| EXERCISE MATERIALS |
----------

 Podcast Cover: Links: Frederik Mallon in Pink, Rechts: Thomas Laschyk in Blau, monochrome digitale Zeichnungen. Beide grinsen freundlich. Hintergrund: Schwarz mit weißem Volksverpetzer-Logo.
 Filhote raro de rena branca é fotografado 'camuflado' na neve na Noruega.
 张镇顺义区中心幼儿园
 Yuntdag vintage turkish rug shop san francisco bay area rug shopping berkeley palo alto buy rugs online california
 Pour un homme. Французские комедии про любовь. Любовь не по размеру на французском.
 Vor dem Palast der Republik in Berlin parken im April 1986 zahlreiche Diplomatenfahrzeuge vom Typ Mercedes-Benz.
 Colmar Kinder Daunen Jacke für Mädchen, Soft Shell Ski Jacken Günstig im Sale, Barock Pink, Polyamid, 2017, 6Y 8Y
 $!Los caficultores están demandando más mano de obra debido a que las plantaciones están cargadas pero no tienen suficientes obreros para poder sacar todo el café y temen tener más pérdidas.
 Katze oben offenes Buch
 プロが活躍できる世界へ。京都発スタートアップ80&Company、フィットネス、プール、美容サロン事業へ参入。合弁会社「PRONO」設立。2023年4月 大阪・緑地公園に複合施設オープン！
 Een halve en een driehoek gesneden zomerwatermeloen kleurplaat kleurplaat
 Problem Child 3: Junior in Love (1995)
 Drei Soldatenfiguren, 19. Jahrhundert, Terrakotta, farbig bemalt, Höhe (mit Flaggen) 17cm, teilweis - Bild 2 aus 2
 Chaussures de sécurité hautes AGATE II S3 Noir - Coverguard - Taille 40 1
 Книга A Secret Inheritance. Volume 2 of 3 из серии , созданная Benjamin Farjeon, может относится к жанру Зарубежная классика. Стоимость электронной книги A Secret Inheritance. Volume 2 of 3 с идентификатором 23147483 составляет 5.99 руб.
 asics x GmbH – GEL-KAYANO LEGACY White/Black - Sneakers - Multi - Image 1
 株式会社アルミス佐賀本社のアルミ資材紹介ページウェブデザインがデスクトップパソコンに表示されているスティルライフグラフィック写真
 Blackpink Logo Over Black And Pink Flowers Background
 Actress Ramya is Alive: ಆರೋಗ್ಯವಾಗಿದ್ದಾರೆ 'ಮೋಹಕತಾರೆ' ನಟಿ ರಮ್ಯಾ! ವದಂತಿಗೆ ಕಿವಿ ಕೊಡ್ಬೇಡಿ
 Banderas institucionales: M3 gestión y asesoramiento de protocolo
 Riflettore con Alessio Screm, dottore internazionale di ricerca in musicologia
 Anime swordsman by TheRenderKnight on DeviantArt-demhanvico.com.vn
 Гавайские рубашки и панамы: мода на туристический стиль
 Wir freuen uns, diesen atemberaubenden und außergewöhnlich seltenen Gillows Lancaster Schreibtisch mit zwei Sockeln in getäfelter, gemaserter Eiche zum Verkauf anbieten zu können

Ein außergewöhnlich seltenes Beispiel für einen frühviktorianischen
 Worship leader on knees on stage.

----------

| TASK DESCRIPTION |
After locating the line holding "Filhote raro de" above, output exactly that line and every line after it through the line holding "Problem Child 3: Junior in Love (1995)". Include nothing else.

| ANSWER TO THIS PROBLEM |
 Filhote raro de rena branca é fotografado 'camuflado' na neve na Noruega.
 张镇顺义区中心幼儿园
 Yuntdag vintage turkish rug shop san francisco bay area rug shopping berkeley palo alto buy rugs online california
 Pour un homme. Французские комедии про любовь. Любовь не по размеру на французском.
 Vor dem Palast der Republik in Berlin parken im April 1986 zahlreiche Diplomatenfahrzeuge vom Typ Mercedes-Benz.
 Colmar Kinder Daunen Jacke für Mädchen, Soft Shell Ski Jacken Günstig im Sale, Barock Pink, Polyamid, 2017, 6Y 8Y
 $!Los caficultores están demandando más mano de obra debido a que las plantaciones están cargadas pero no tienen suficientes obreros para poder sacar todo el café y temen tener más pérdidas.
 Katze oben offenes Buch
 プロが活躍できる世界へ。京都発スタートアップ80&Company、フィットネス、プール、美容サロン事業へ参入。合弁会社「PRONO」設立。2023年4月 大阪・緑地公園に複合施設オープン！
 Een halve en een driehoek gesneden zomerwatermeloen kleurplaat kleurplaat
 Problem Child 3: Junior in Love (1995)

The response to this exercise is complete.